Where the 4 D’s showed up

Description: telling the AI it is human PBMCs from 10x Chromium v1 so it picks the right mt prefix and doublet expectation.
Discernment: reading violin plots, doublet score distribution, and UMAP shape yourself, and rejecting one-size-fits-all thresholds.
Diligence: owning every threshold and parameter, and documenting choices in the notebook for the disclosure rubric.
Delegation: boilerplate I/O, plotting, and per-cell metric calls, where AI is reliable when given organism context.

Common failure modes

Trusting the textbook threshold. PBMC 5%, neuron 20%, muscle 25%. Ask for tissue-specific reasoning, not a universal answer.
Asking for a QC answer instead of a QC plan. “Is this dataset clean?” is the wrong question. “What evidence would I need to call this dataset clean?” is the right one.
Letting the AI name your clusters. Cluster identity is markers and prior knowledge, not Leiden numbers.
Wrong organism prefix. MT- for human, mt- for mouse. A mismatch silently flags zero mt-genes and corrupts every threshold downstream.

Exercises

Load PBMC 3k. Without consulting an AI, sketch a QC plan in five bullets before any code. Compare with what the AI suggests. Where do you disagree?
Take a small dataset of your own, or a public one from your subfield. Frame it for an AI in three sentences (platform, organism, expected biology). Then ask for a QC plan. Critique it before running.
Run the worked example end-to-end. Record one decision where you overrode the AI’s first suggestion, and one where you accepted it. The disclosure rubric for the Week 3 mini-project asks for both.

Check your understanding

You are running QC on a mouse lung scRNA-seq dataset. The AI suggests adata.var['mt'] = adata.var_names.str.startswith('MT-'). What goes wrong, and what is the fix?
Your PBMC dataset shows a pct_counts_mt median of 12% with a tail to 25%. The AI recommends a 5% cutoff “as standard for PBMCs”. Should you accept it? Why or why not?
Scrublet on a 3,000-cell PBMC sample flags 11% as predicted doublets. What does that flag, and what would you check before filtering?

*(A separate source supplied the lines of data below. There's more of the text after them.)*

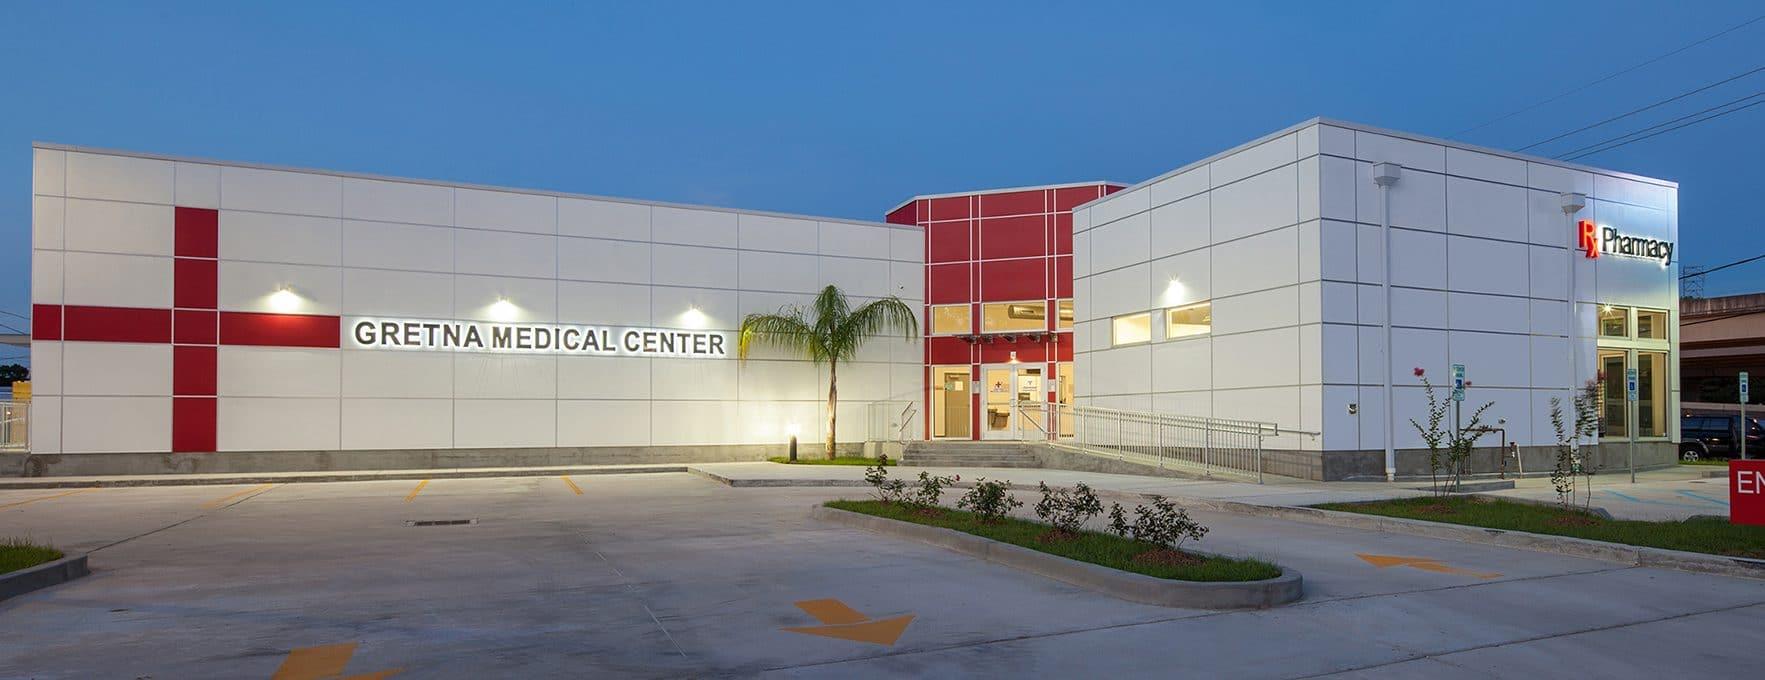 Gretna Medical Center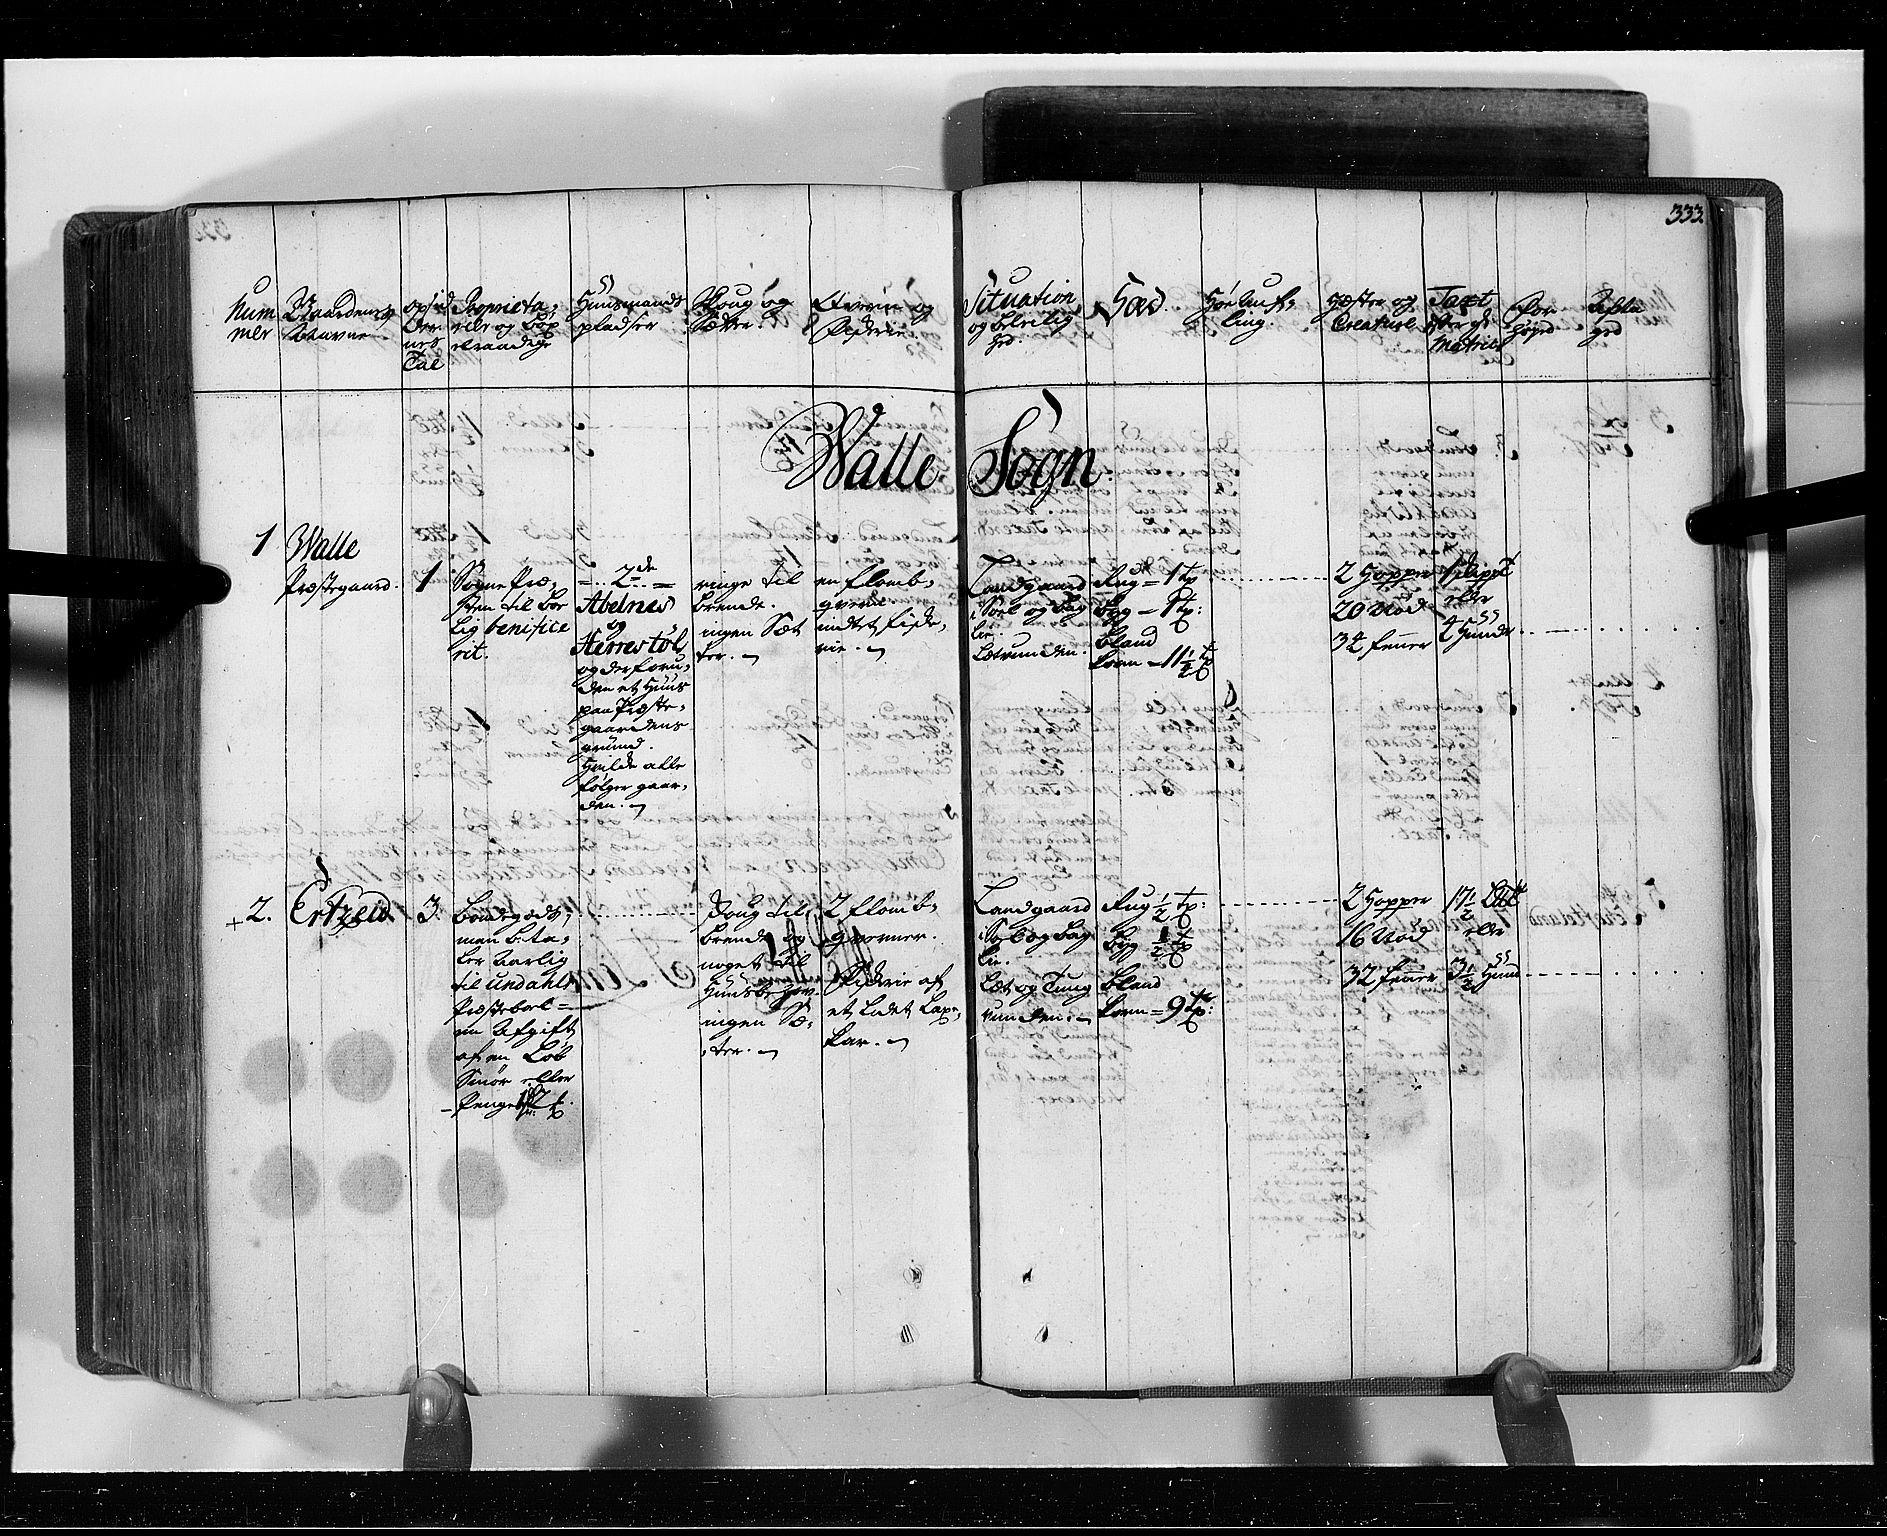 RA, Rentekammeret inntil 1814, Realistisk ordnet avdeling, N/Nb/Nbf/L0129: Lista eksaminasjonsprotokoll, 1723, s. 332b-333a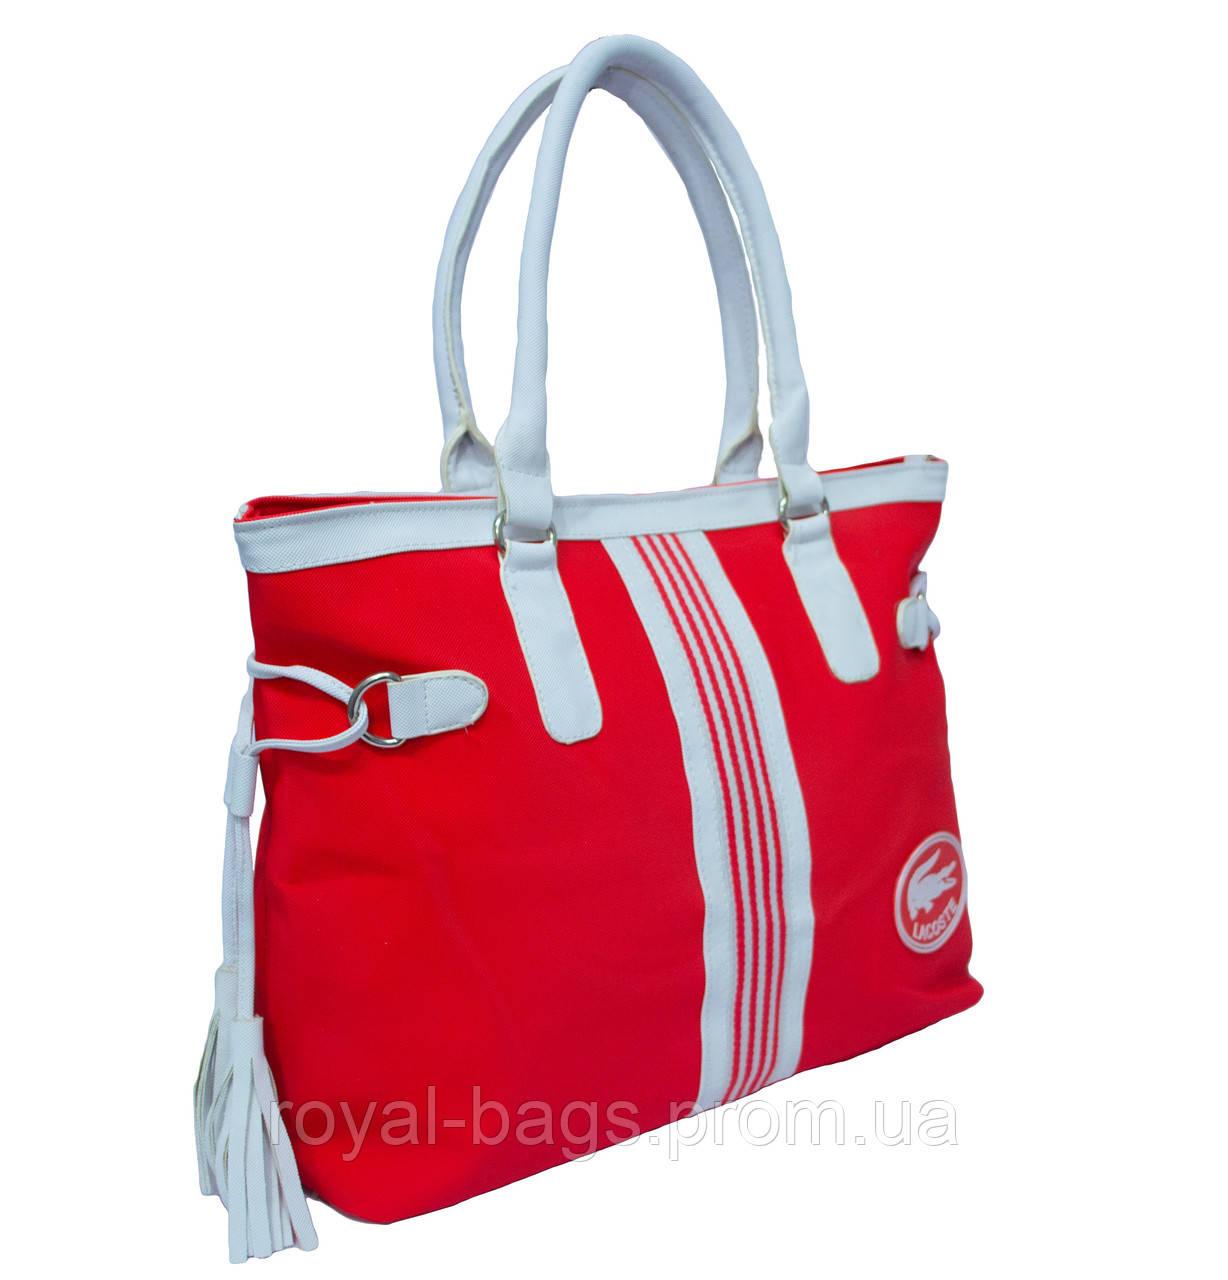 38d1948e395e Сумка Lacoste Nelly Shopping красная: продажа, цена в Одессе ...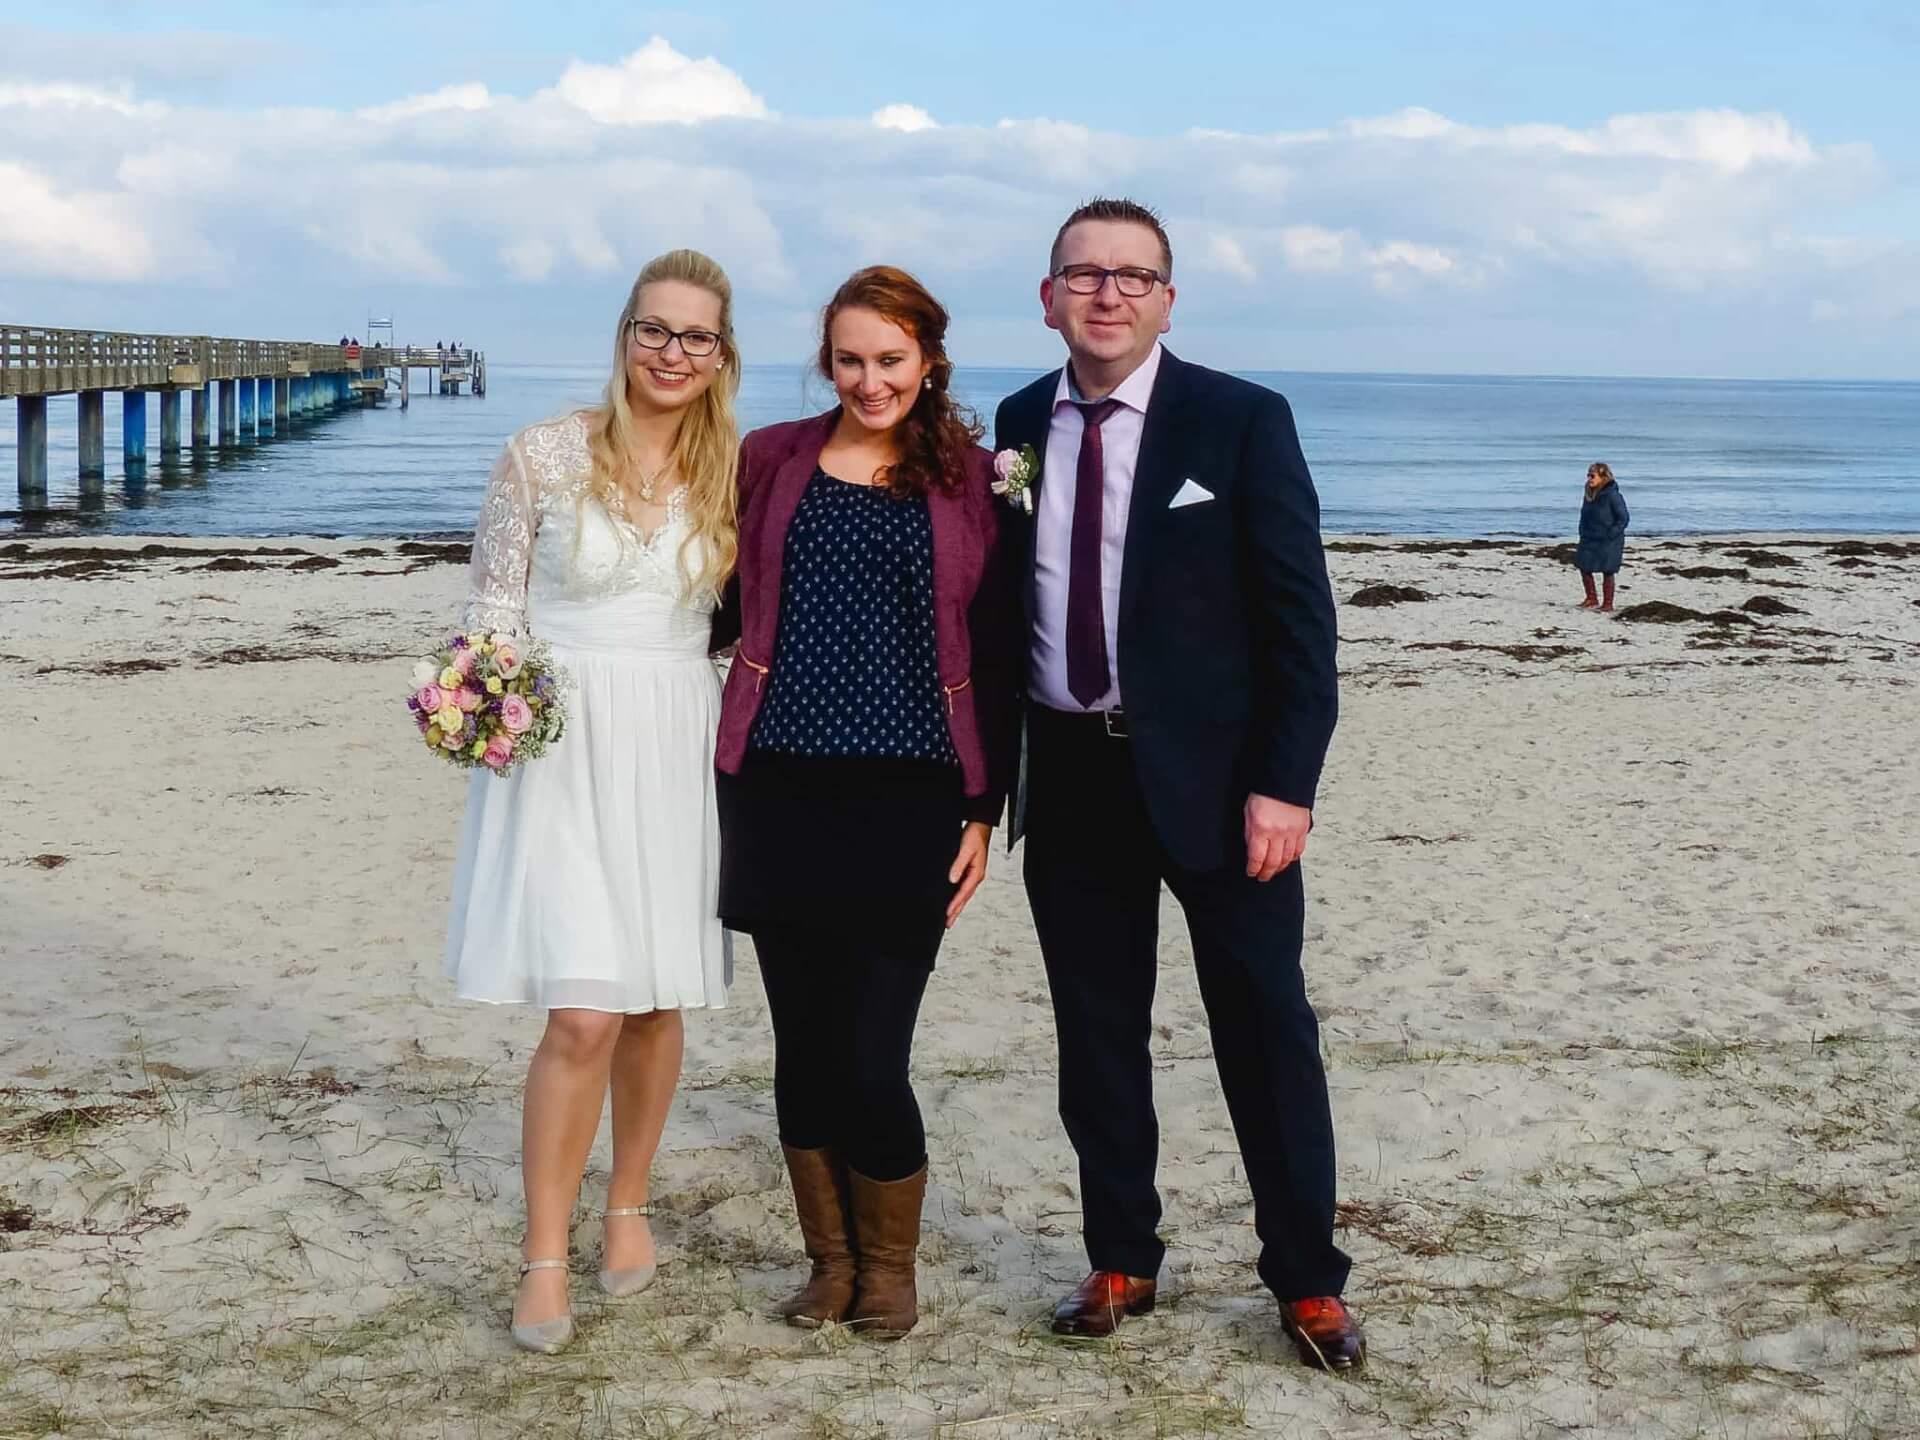 Hochzeitsfotografin zusammen mit dem Brautpaar

Answers: 1. The mouse mt-gene prefix is mt- (lowercase), not MT-. The flag column will be all False, pct_counts_mt will be 0 for every cell, and you will silently fail to filter dying cells. Fix: adata.var_names.str.startswith('mt-'). 2. No. The suggestion ignores your data. A median of 12% means most cells would be filtered. Either your dissociation was harsh (rerun upstream) or 5% is the wrong cutoff for this sample. Inspect the violin and pick a threshold above the main body but below the dying-cell tail. 3. The expected doublet rate for about 3,000 loaded cells is 2 to 4%. 11% is roughly three times that. Check loading concentration (was it over-loaded?), Scrublet’s expected-doublet-rate parameter, and whether two real but transcriptionally similar cell types are being misread as doublets.